Гардеробщица сурово расспросила Таню про шубу и принялась среди огромного количества пальто и курток искать Танино богатство. Шубы не было. К раздевалке спустились главврач и старшая медсестра.
Таня бегала среди вешалок и в голос рыдала. К поискам шубы присоединилось все руководство. Было ясно, что назревает ЧП. А потом старая гардеробщица вспомнила, что похожую шубу получил по номерку неприятный молодой парень. Она еще спросила его (как не спросить), почему он берет женскую шубу, но парень ответил, что шуба – его жены, а жена ждет в холле. Такое объяснение, понятное дело, гардеробщицу тетю Пашу удовлетворило.
Таня сидела на скамейке и, закрыв лицо руками, горько плакала. Сначала ей сочувствовали и гладили по плечам, а когда надоело – стали выговаривать: дескать, сама виновата – нельзя быть такой растяпой. Пошушукавшись, главный врач и старшая медсестра принялись утешать вопившую в голос гардеробщицу тетю Пашу. Кто-то из сердобольных вызвал милицию.
Через полчаса приехал наряд – два молодых милиционера. Один опрашивал несчастную гардеробщицу, а второй – несчастную потерпевшую. Тот, что опрашивал Таню, был молод, рыжеволос и светлоглаз. Звали его Белоус Иван Алексеевич. Он присел возле Тани на корточки и принялся успокаивать ее (поведение, нетипичное для старшего лейтенанта). Из всего сказанного Таня поняла одно: с шубой она простилась раз и навсегда. У нее началось удушье, и она стала громко икать.

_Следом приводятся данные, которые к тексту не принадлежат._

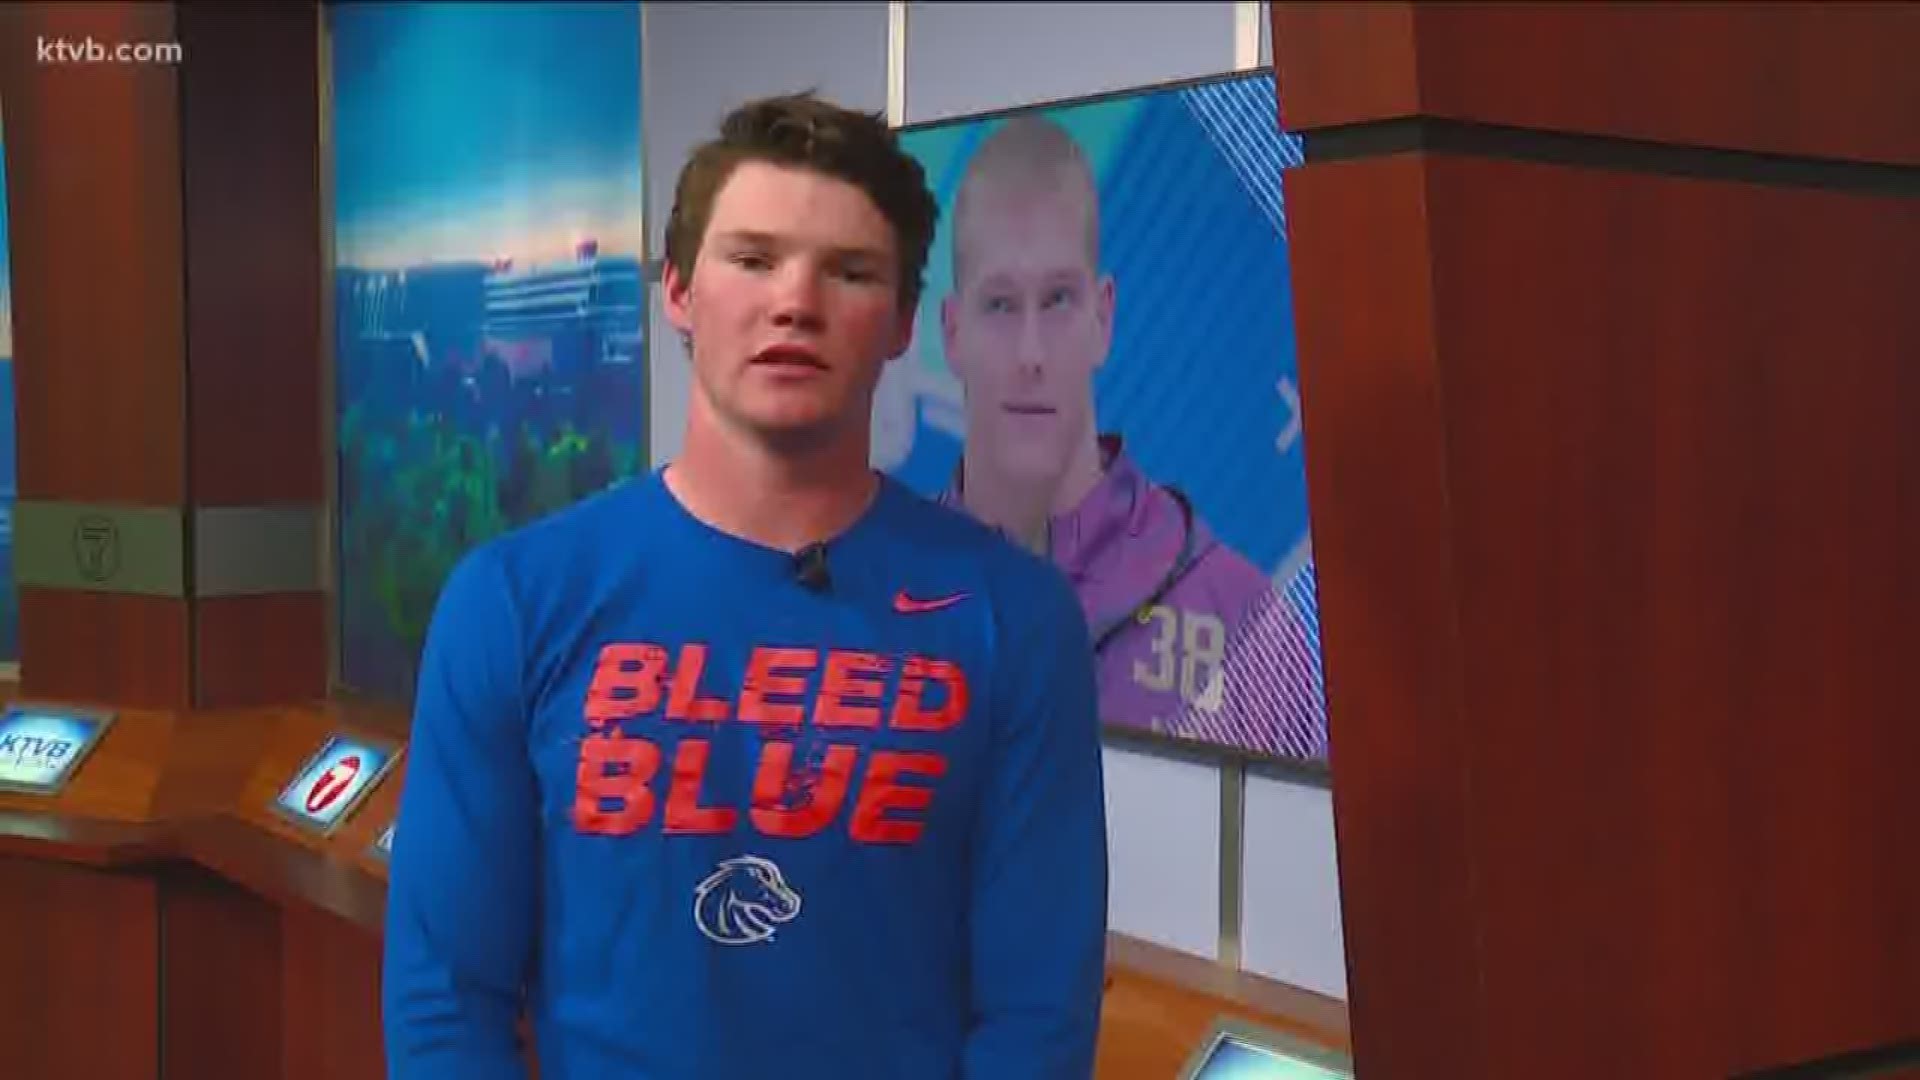 Dylan Herberg accepted a preferred walk-on spot at Boise State University

– Истерика, – констатировал главный врач, и Тане сделали успокоительный укол.
Милиционер по фамилии Белоус взялся подвезти Таню до дома – куда ей, раздетой, на улицу? Он накинул на нее свою куртку и взвалил на себя, как раненого бойца. Открыл дверь квартиры (руки Таню совсем не слушались), снял с Тани сапоги и уложил на диван. Таня мгновенно уснула – сказался стресс и успокоительный укол.